• [Data records]
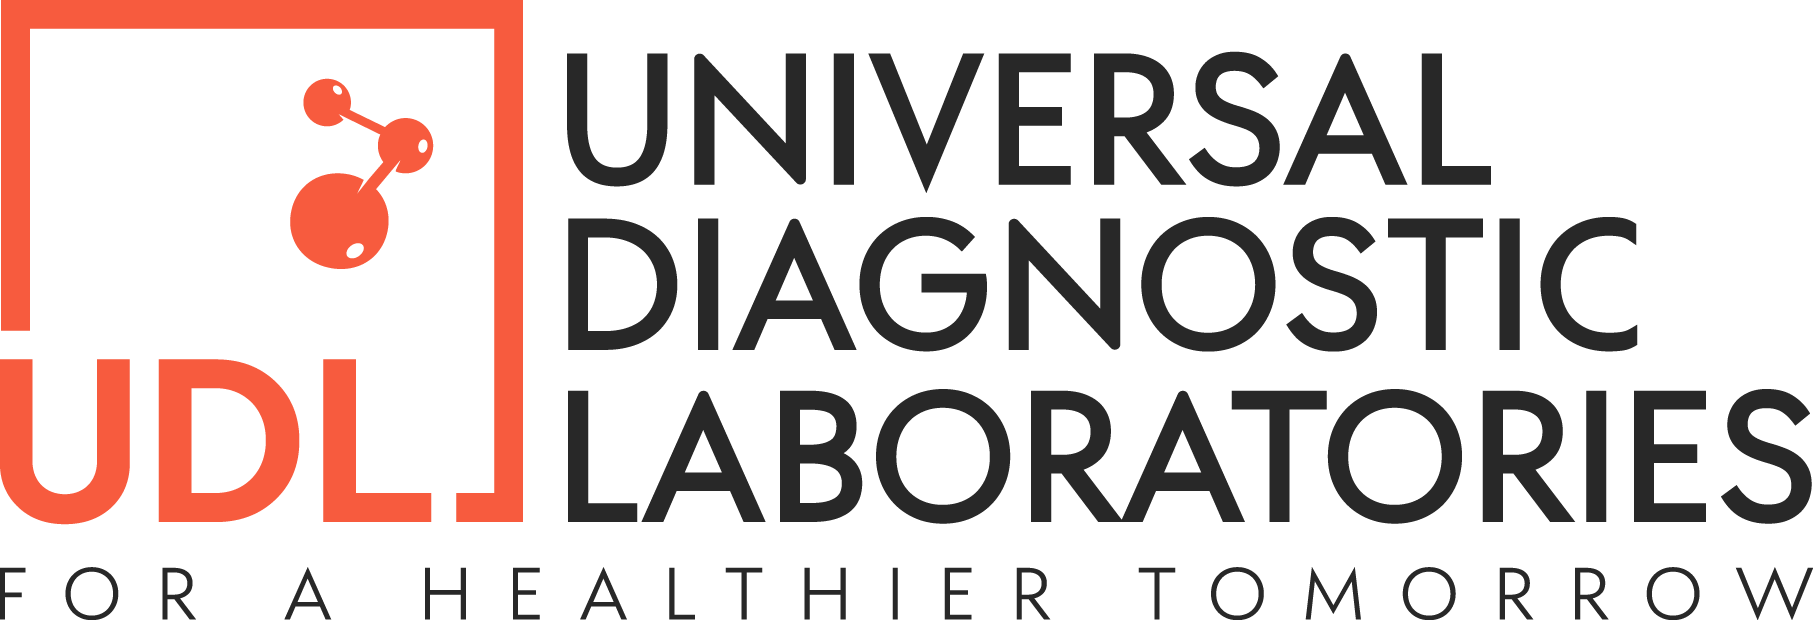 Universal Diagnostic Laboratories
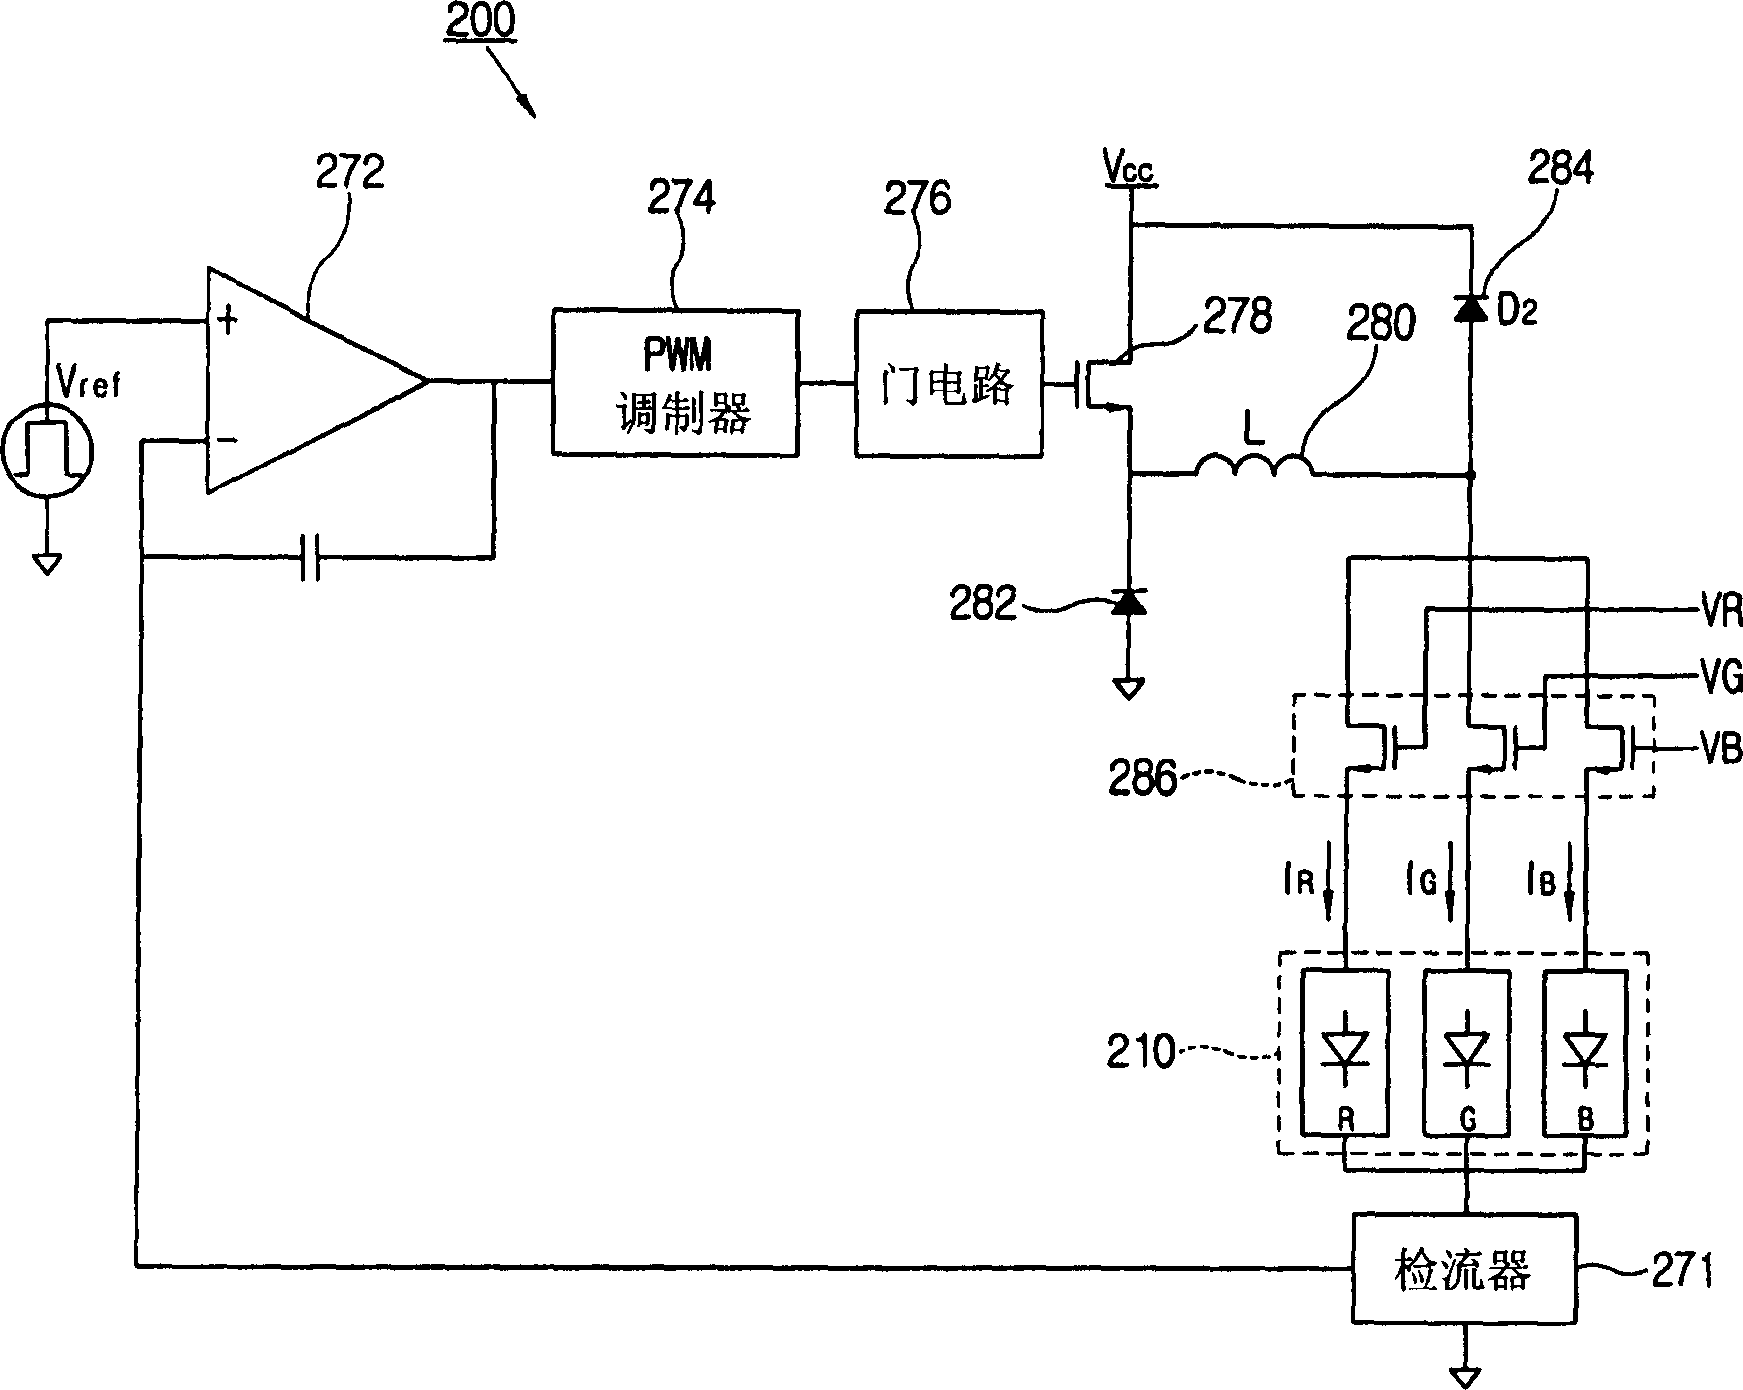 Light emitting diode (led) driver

---

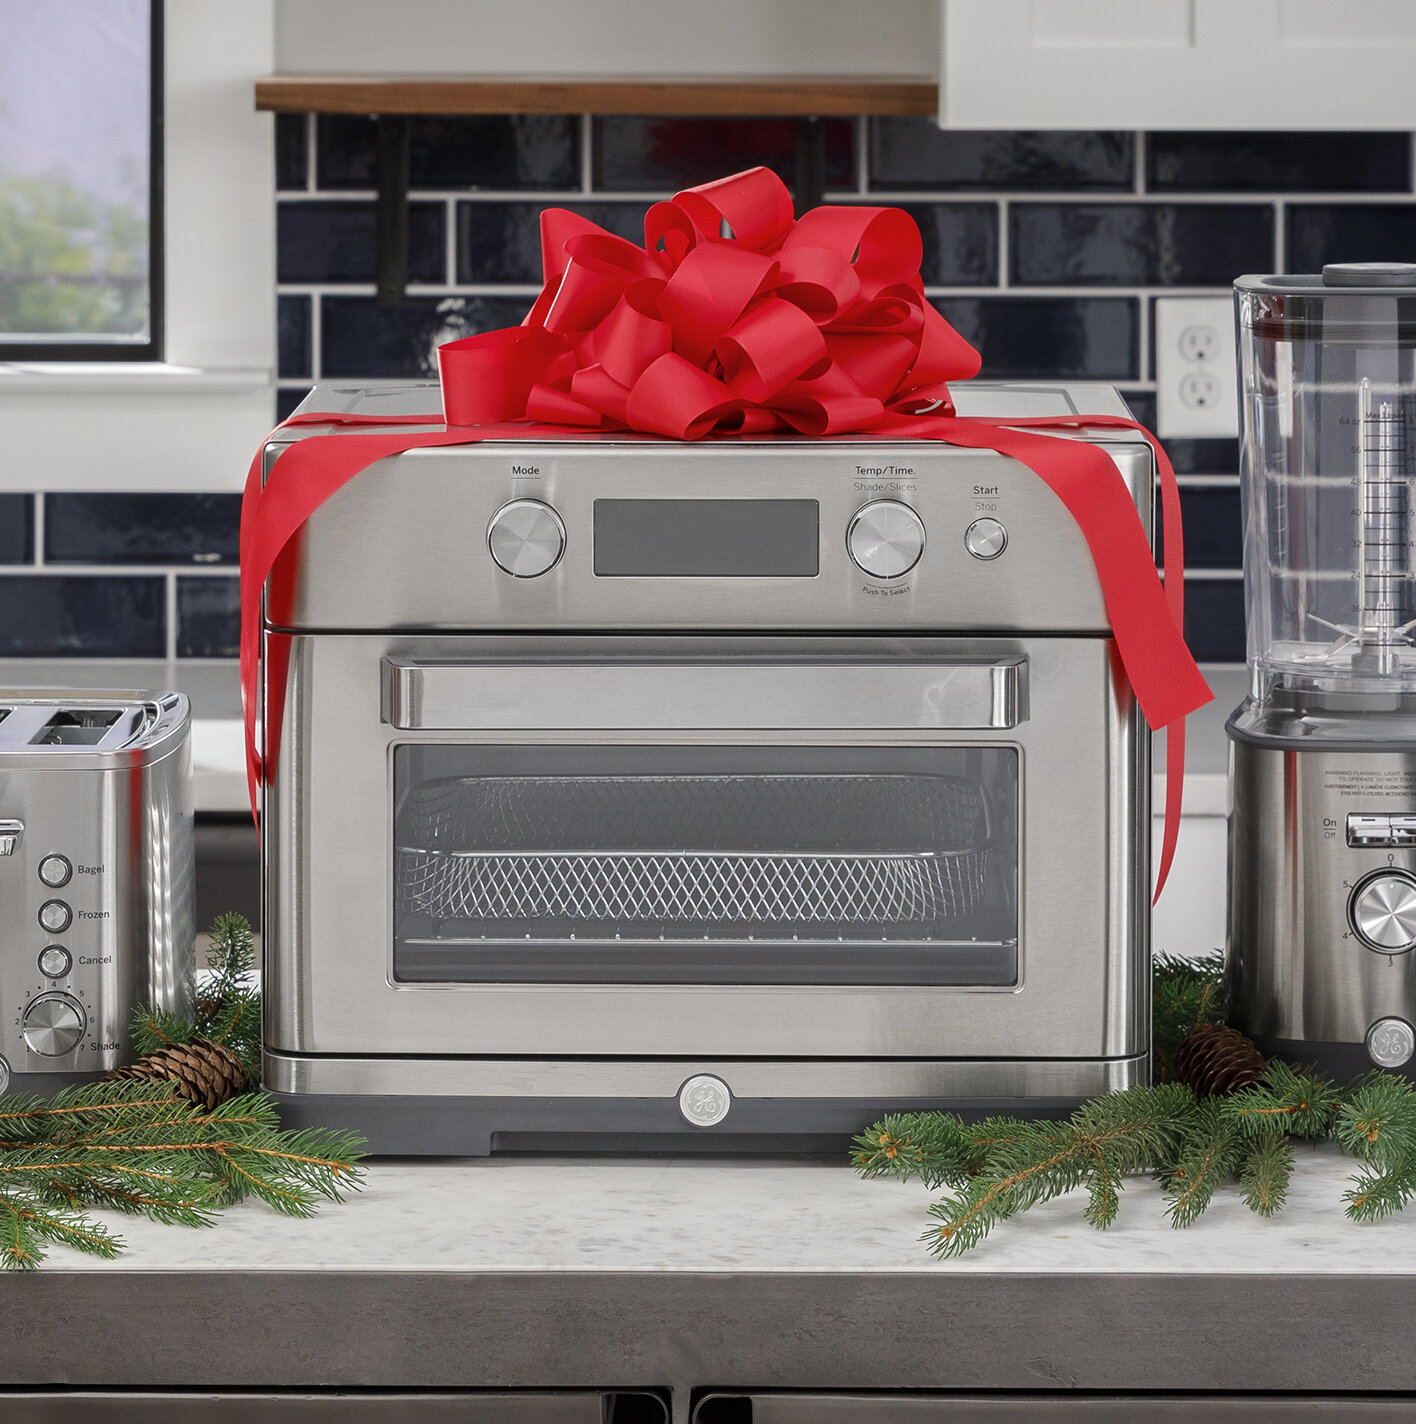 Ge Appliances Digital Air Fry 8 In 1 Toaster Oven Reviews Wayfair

• [Work task]
Using the data above, return the lines from the one holding "Universal Diagnostic Laboratories" through the one holding "Light emitting diode (led) driver" exactly, but not the pictures.

• [Reply to the task]
 Universal Diagnostic Laboratories
 Light emitting diode (led) driver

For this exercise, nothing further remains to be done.